High-accuracy theoretical thermochemistry of atmospherically important sulfur-containing molecules.

In this study, several sulfur-containing molecules with atmospherical importance were investigated by means of high-accuracy quantum chemical calculations including: HSO, HOS, HOSO2, HSNO, SH, CH2SO, CH2SH, S2COH, and SCSOH. After identifying the stable conformers of the molecules, a coupled-cluster-based composite model chemistry, which includes contributions up to quadruple excitations as well as corrections beyond the nonrelativistic and Born–Oppenheimer approximations, was applied to calculate the corresponding heat of formation (Δ(f)H(0)° and Δ(f)H(298)°) and entropy (S(298)°) values. In most of the cases, this study delivers more reliable estimates for the investigated thermodynamic properties than those reported in previous investigations.

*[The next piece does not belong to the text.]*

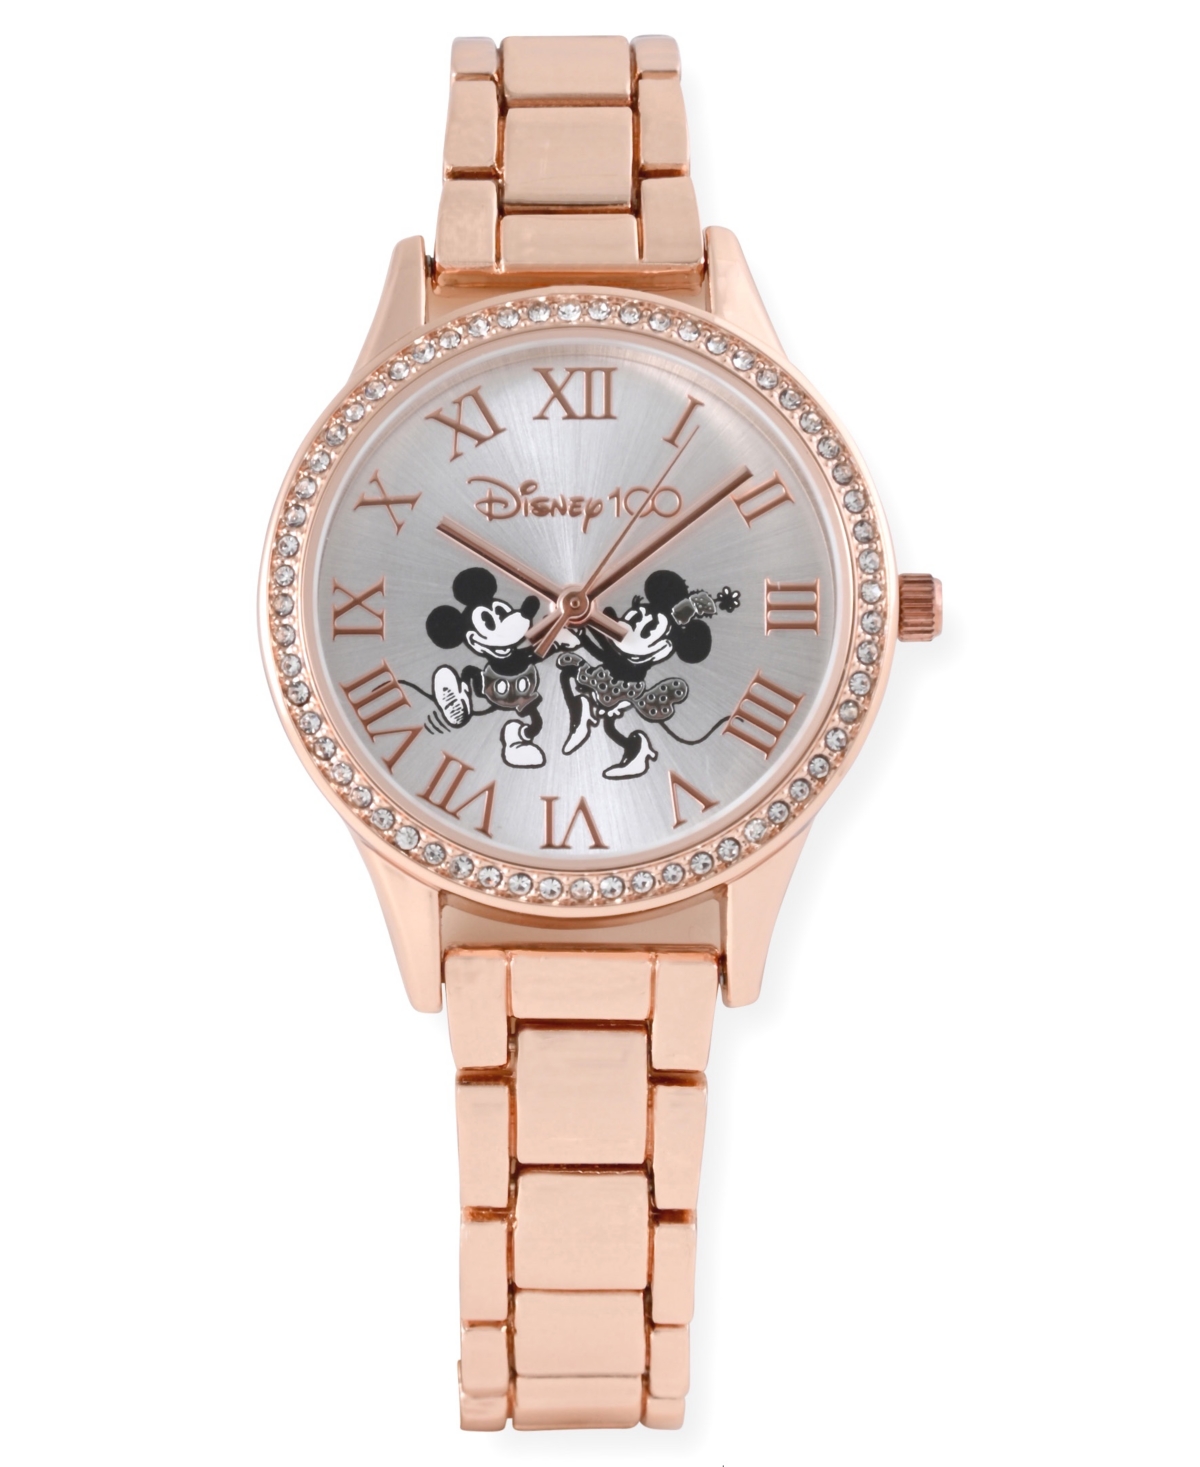 Accutime Unisex Disney 100th Anniversary Analog Rose Gold-tone Alloy Watch 26mm
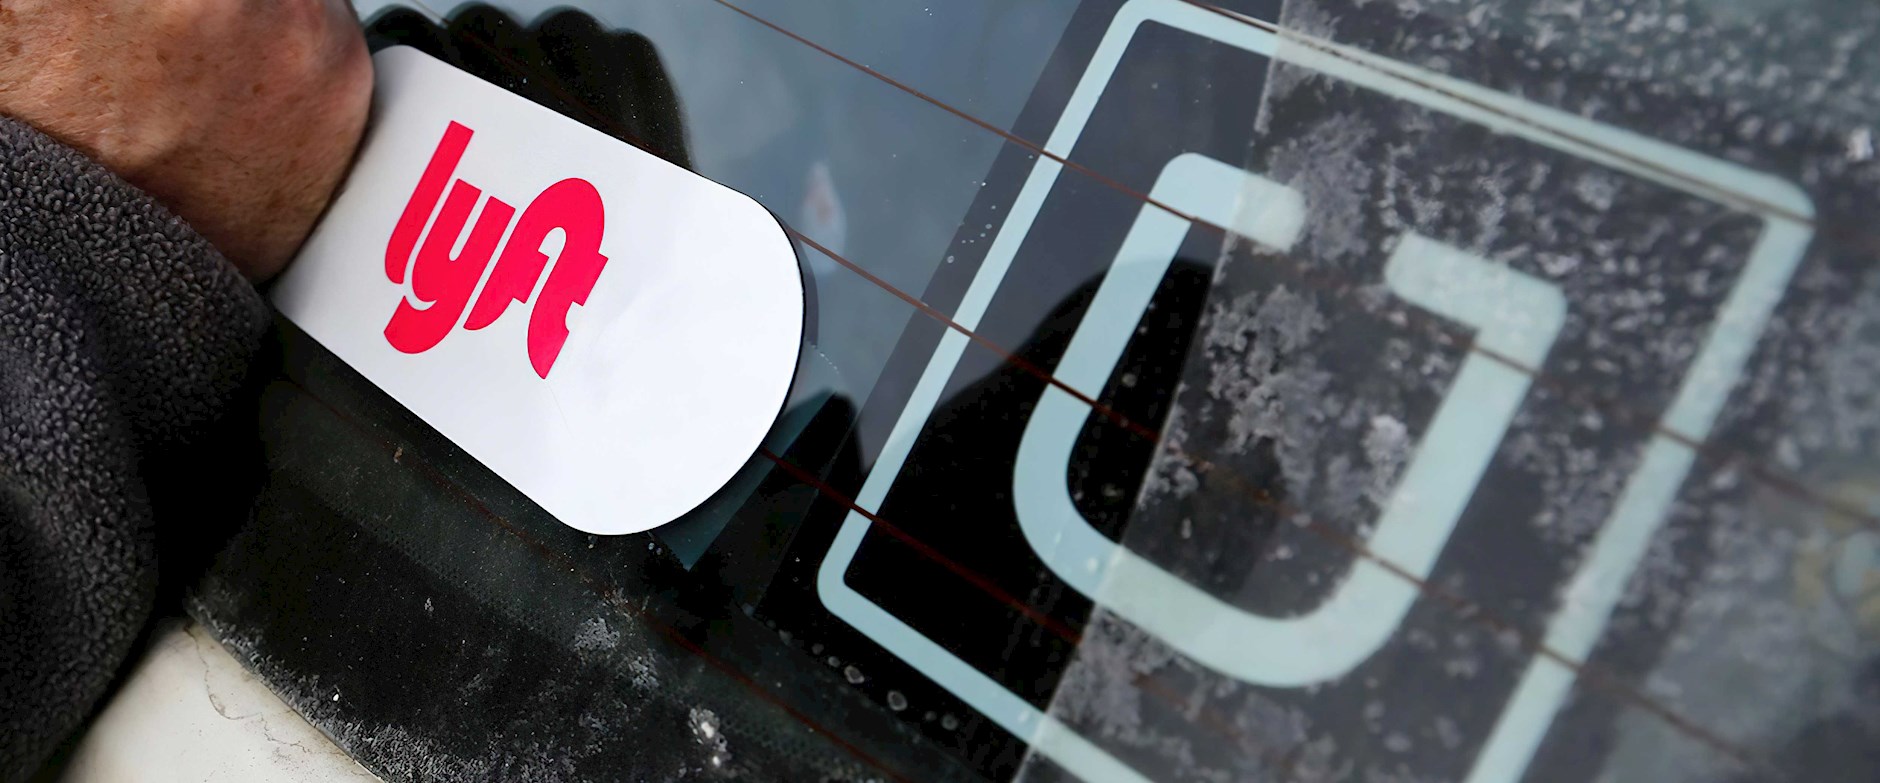 Car window with Uber and Lyft stickers

Our data also suggest that the experimental heats of formation associated with the HSO molecule are very likely to belong to its structural isomer, HOS. It is also confirmed by the calculated thermodynamic properties including standard reaction entropies, enthalpies, and equilibrium constants that, in the reaction CS2 + OH CS2OH, the SCSOH structural isomer is produced. It is also noted that the currently accepted Δ(f)H(0)°(S(gas)) = 274.73 ± 0.3 kJ/mol value is in need of revision, and based on a recent measurement, which is also confirmed by our computations, it is advised to update it to Δ(f)H(0)°(S(gas)) = 277.25 ± 0.3 kJ/mol.